━━ COLLECTED MATERIAL
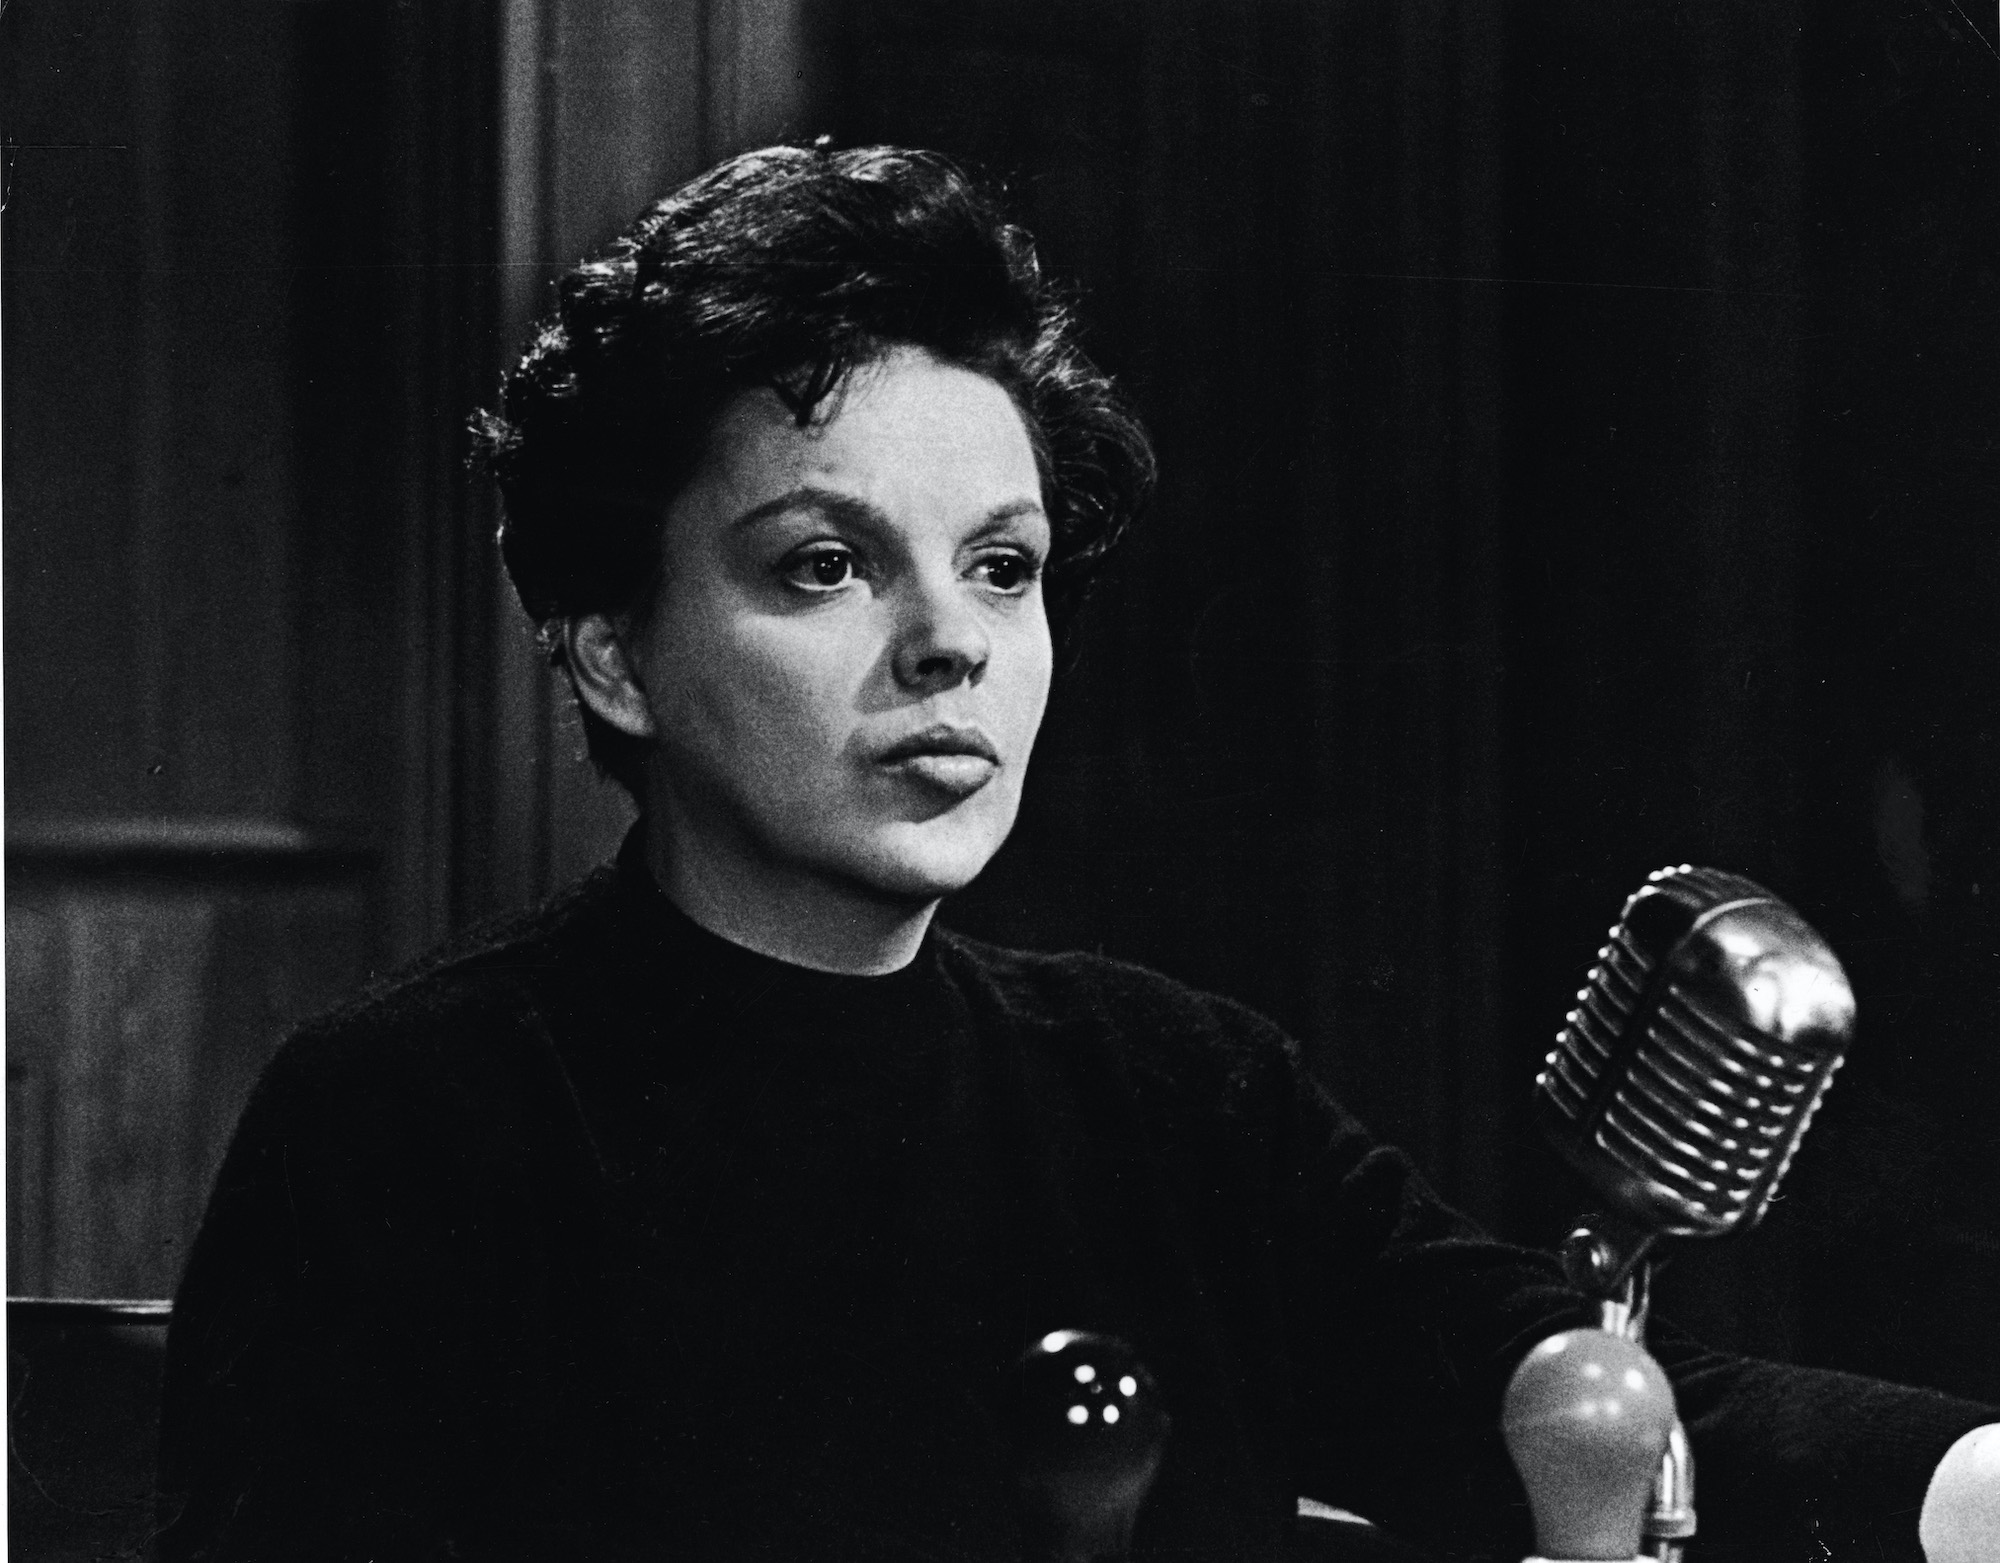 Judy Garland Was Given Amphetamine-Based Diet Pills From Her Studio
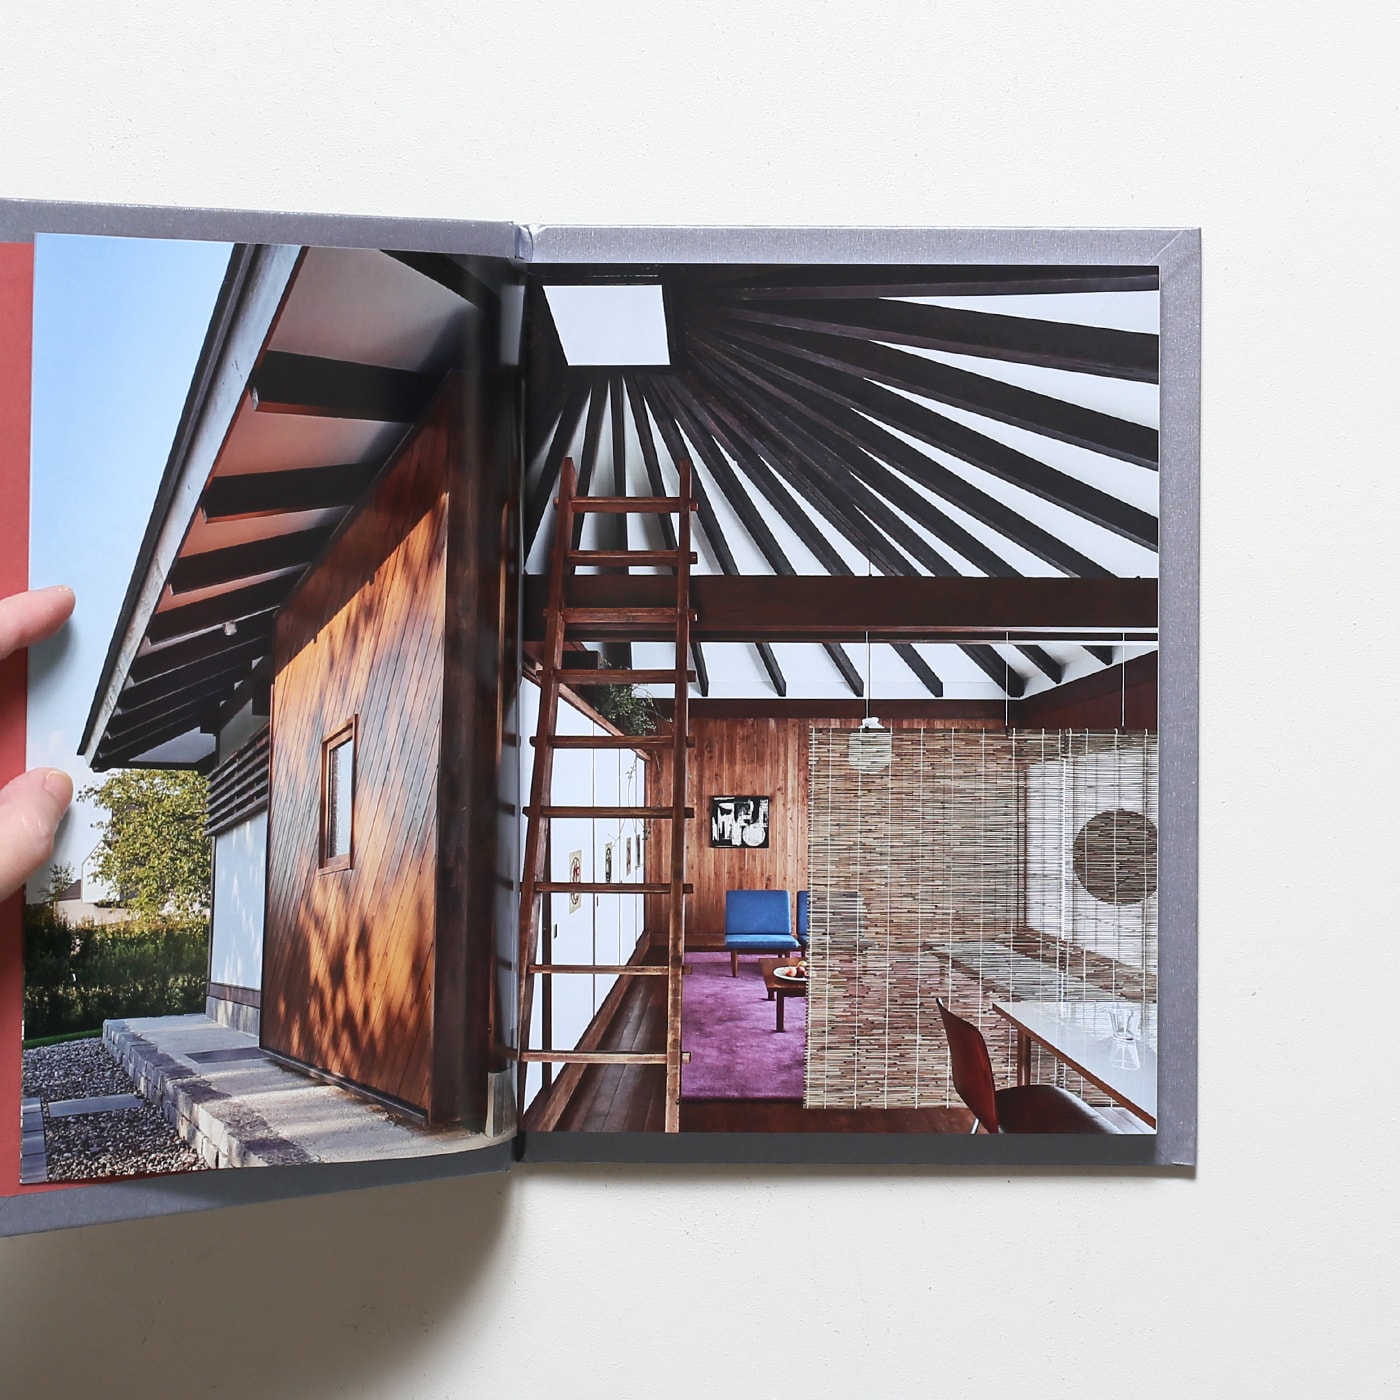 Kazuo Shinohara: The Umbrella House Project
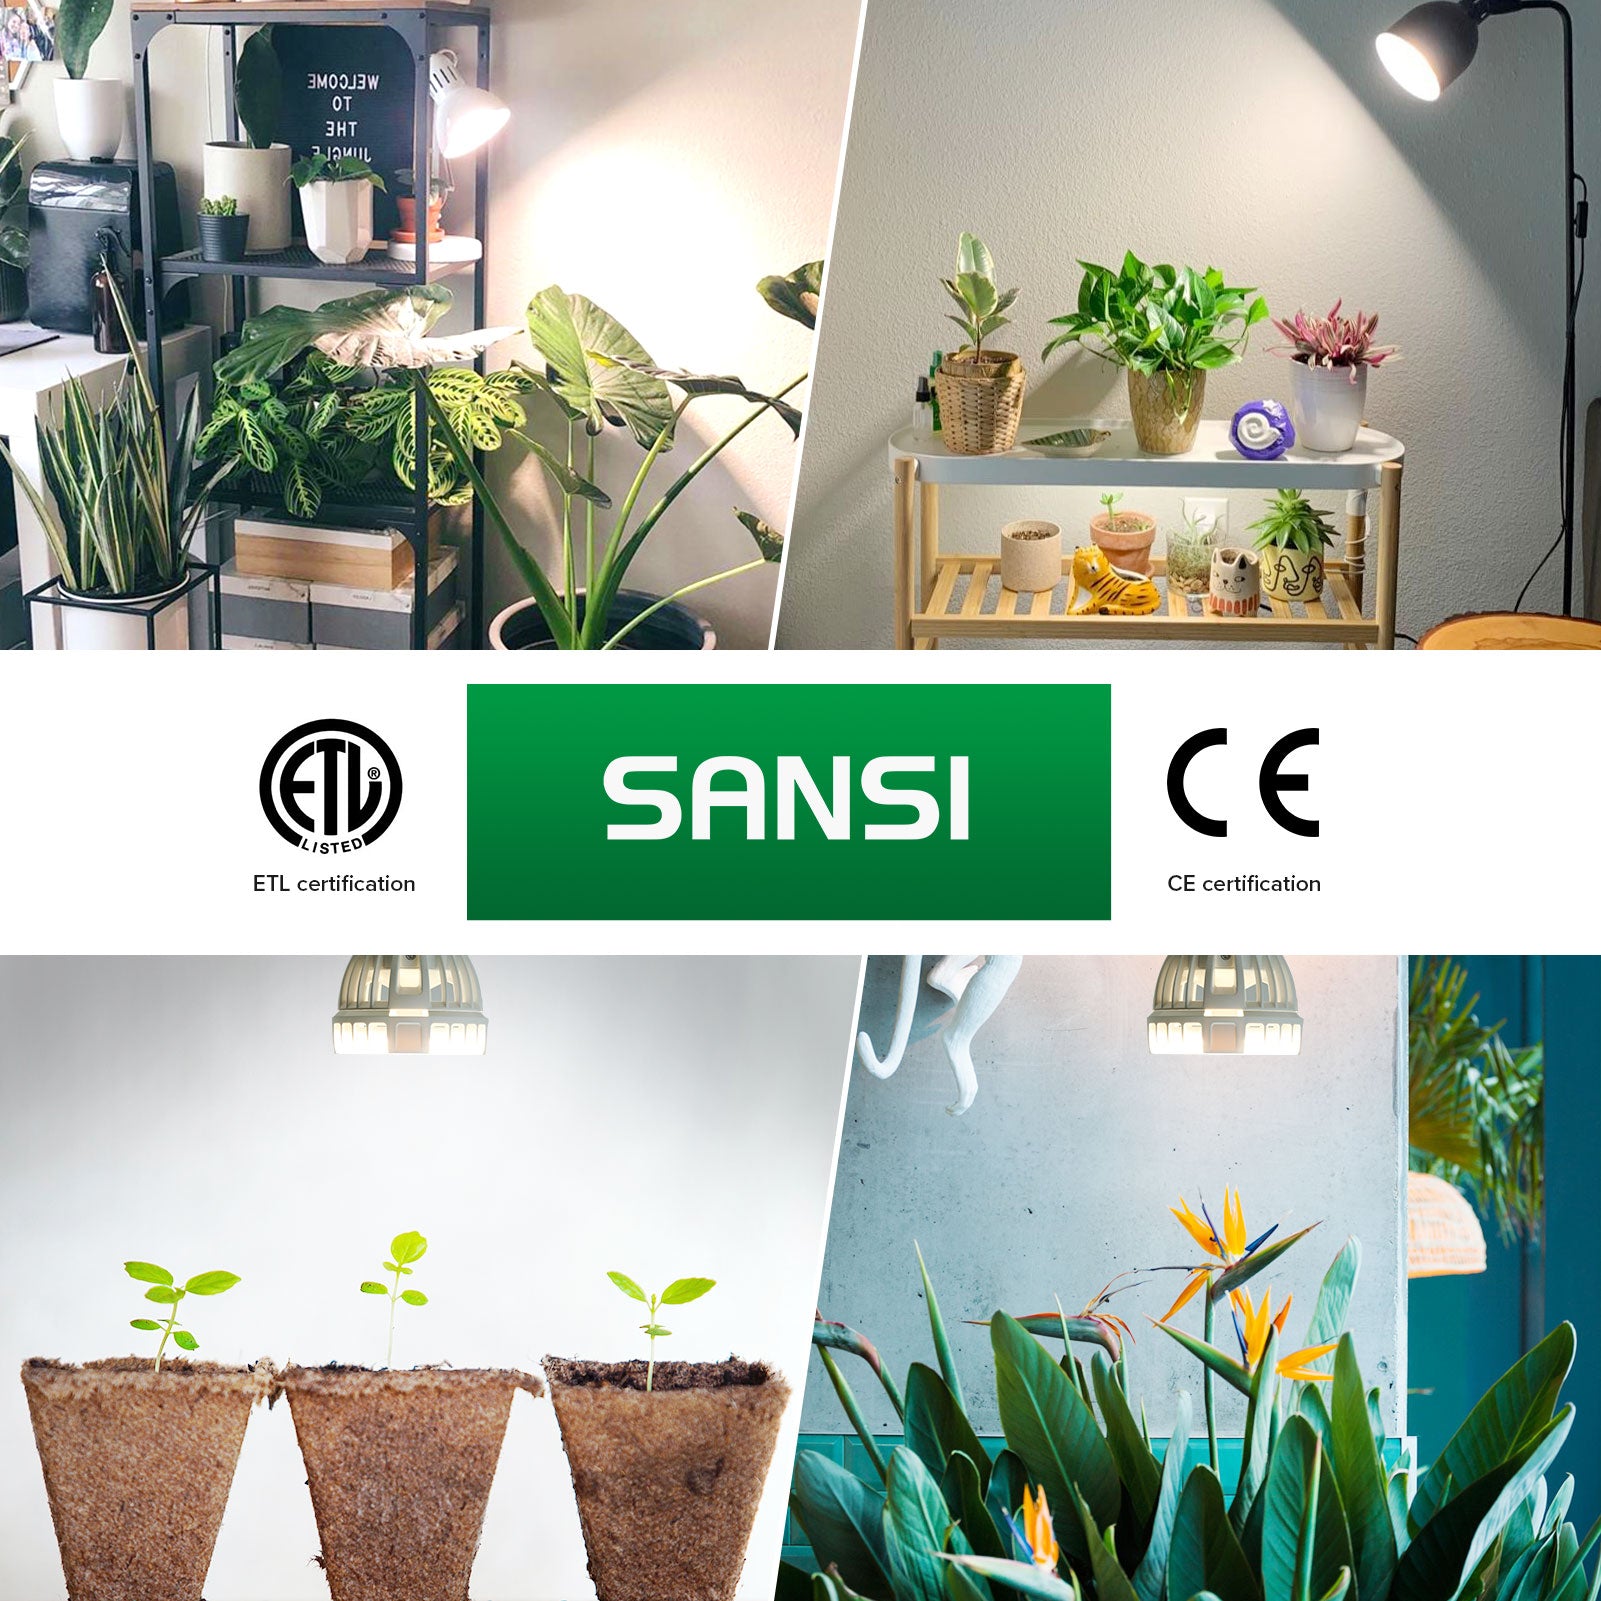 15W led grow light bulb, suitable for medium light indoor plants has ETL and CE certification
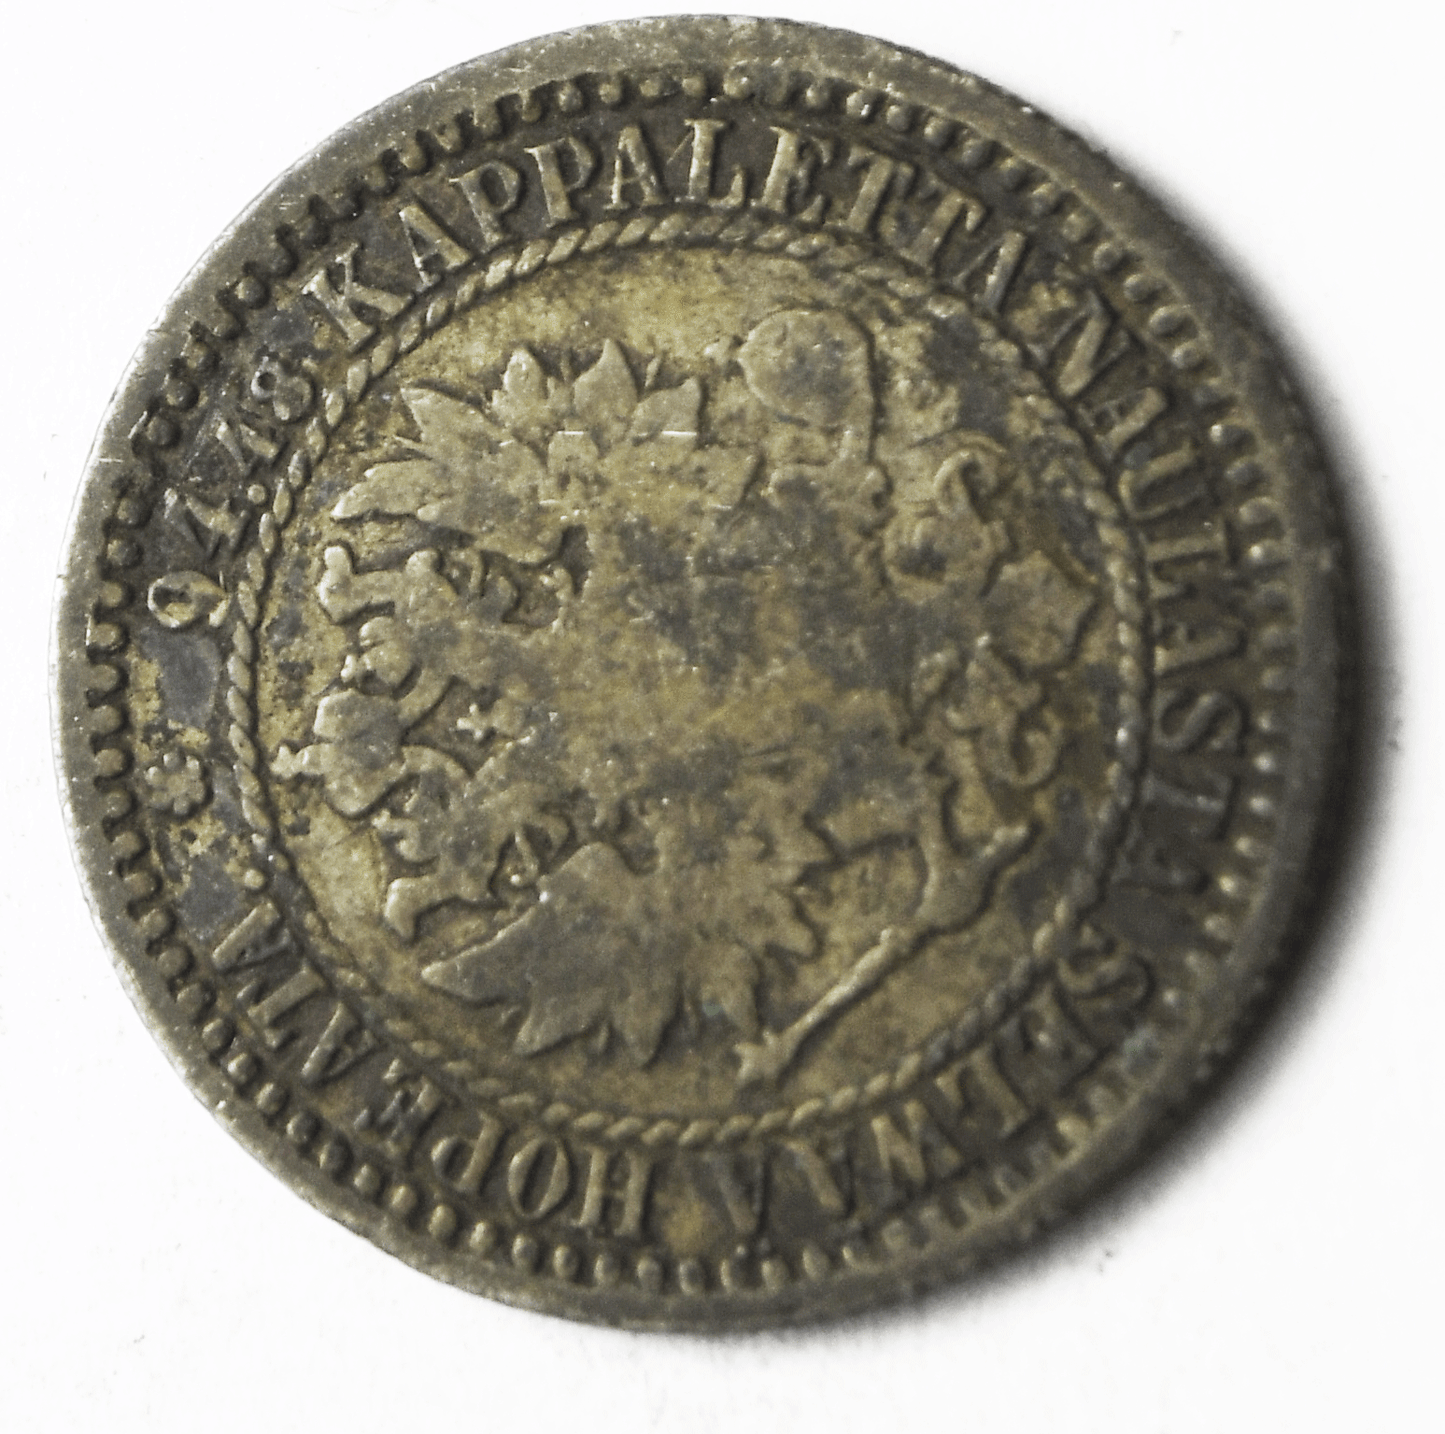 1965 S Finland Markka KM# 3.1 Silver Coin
━━━━
### EXERCISE REQUIREMENTS
Each line of the listing above should be retyped exactly, with no pictures.

### COMPLETED TASK
 Judy Garland Was Given Amphetamine-Based Diet Pills From Her Studio
 Kazuo Shinohara: The Umbrella House Project
 15W led grow light bulb, suitable for medium light indoor plants has ETL and CE certification
 1965 S Finland Markka KM# 3.1 Silver Coin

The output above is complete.